Addressing poverty through rights
At Maytree we are very interested in human rights. Canada is of course governed by our Bill of Rights and our Charter of Rights and Freedoms. We are also signatory to a number of international rights agreements including the UN Universal Declaration of Human Rights, which incidentally was drafted by Canadian John Humphrey, and the International Covenant on Economic Social and Cultural Rights.
Our Charter protects political and justice rights, things like free speech, voting and fair trials. Our protections are quite robust in these areas. Our signing on to international covenants extends our rights protection into economic, social and cultural rights, things like access to work and fair pay, and to health, nutrition and good housing. There is an argument that some make in Canada that economic social and cultural rights are not “justiciable,” that they cannot be tested in court. But that is not the view of the United Nations which makes it clear that signing the covenants requires that people have access to these rights, and can pursue that access through the justice system.
It is important to understand that rights inhere in people. We hold these rights because we are human. They are not granted by governments or some other entity. When governments recognize these rights, they accept the obligation to protect them. So when Canada signed on to the International Covenant on Economic Social and Cultural Rights, it said it would protect those rights for people living in Canada.
And it does not obligate just the federal government, but all subnational governments, including municipal governments. Before signing the UN agreements, the federal government had to seek the written approval of the provinces, which it did.
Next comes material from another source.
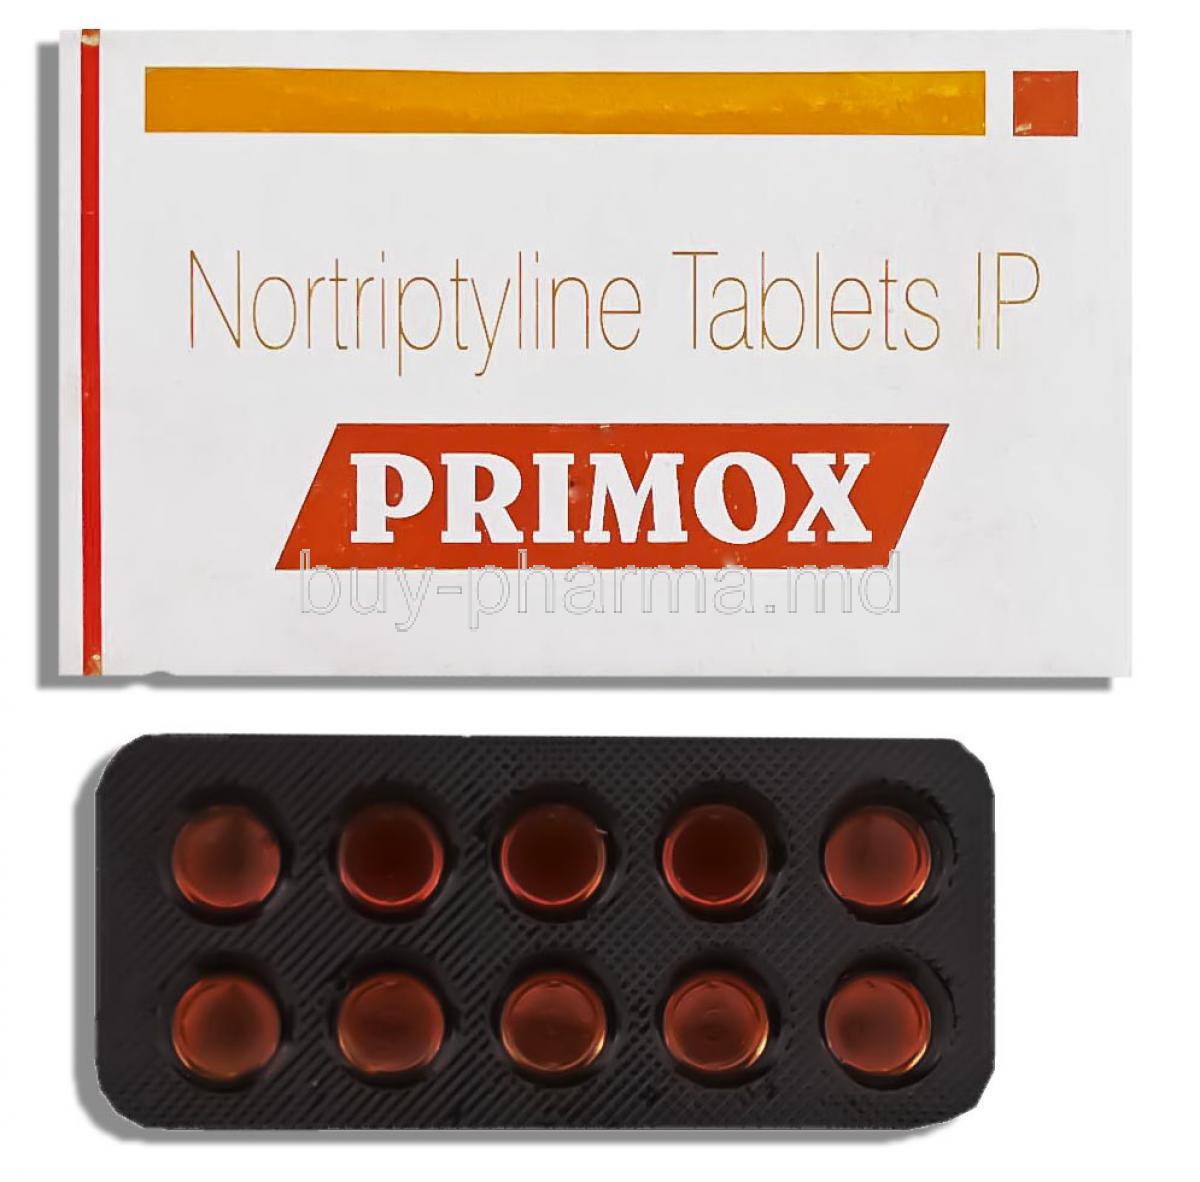 Primox, Generic Pamelor, Nortriptyline?25 Mg Tablet (Wallace Pharma)

The UN required this agreement by the subnational governments to ensure that Canada could carry out its commitment, given the political structure of our federation. Because municipalities are creatures of the provinces as set out in the Constitution Act, it also implicates municipal governments who therefore have an obligation to protect these rights.
And there is an attendant obligation to protect these rights to the extent of “all available resources.” This means that simply choosing not to afford something is in violation of those obligations. Of course there is a test of reasonableness, but if studies of tax revenue hills indicate that there is much more room to increase revenues without incurring significant tax avoidance behaviour then that revenue must be pursued if it is to be used to protect rights.
So, for example, if there is deteriorating public housing stock that is unhealthy or unsafe, it must be fixed. If children are going to school hungry, they must be fed. Doing so is not a choice, but an obligation of municipal officials under our rights regime.
Using the rights lens puts a different frame on political office. It means that there is an actual job to do, to house the under-housed, to feed the hungry, to make sure the sick have access to good health care, all of this alongside the usual municipal mandates set out in provincial laws. Of course our better mayors and councillors have known this for years, and indeed it is what draws them to public service. They work hard to improve their communities, even if they don’t explicitly employ a rights lens in the way they frame their job. I suspect that those of you in this room are in this group, which is why you have chosen to be here today.
But there are other people for whom the winning and holding of public office is the end, and all the rest seems to be a set of free choices they get to make based on an ideology or an idea that comes to them. Our human rights obligations put the challenge to them, and it might be a challenge some day in a court of law.
I think the next few days will be rich in content, ideas and spirit. We have a chance here to form the relationships and alliances that can set us on the path to Senator Croll’s mission for us to end our national shame.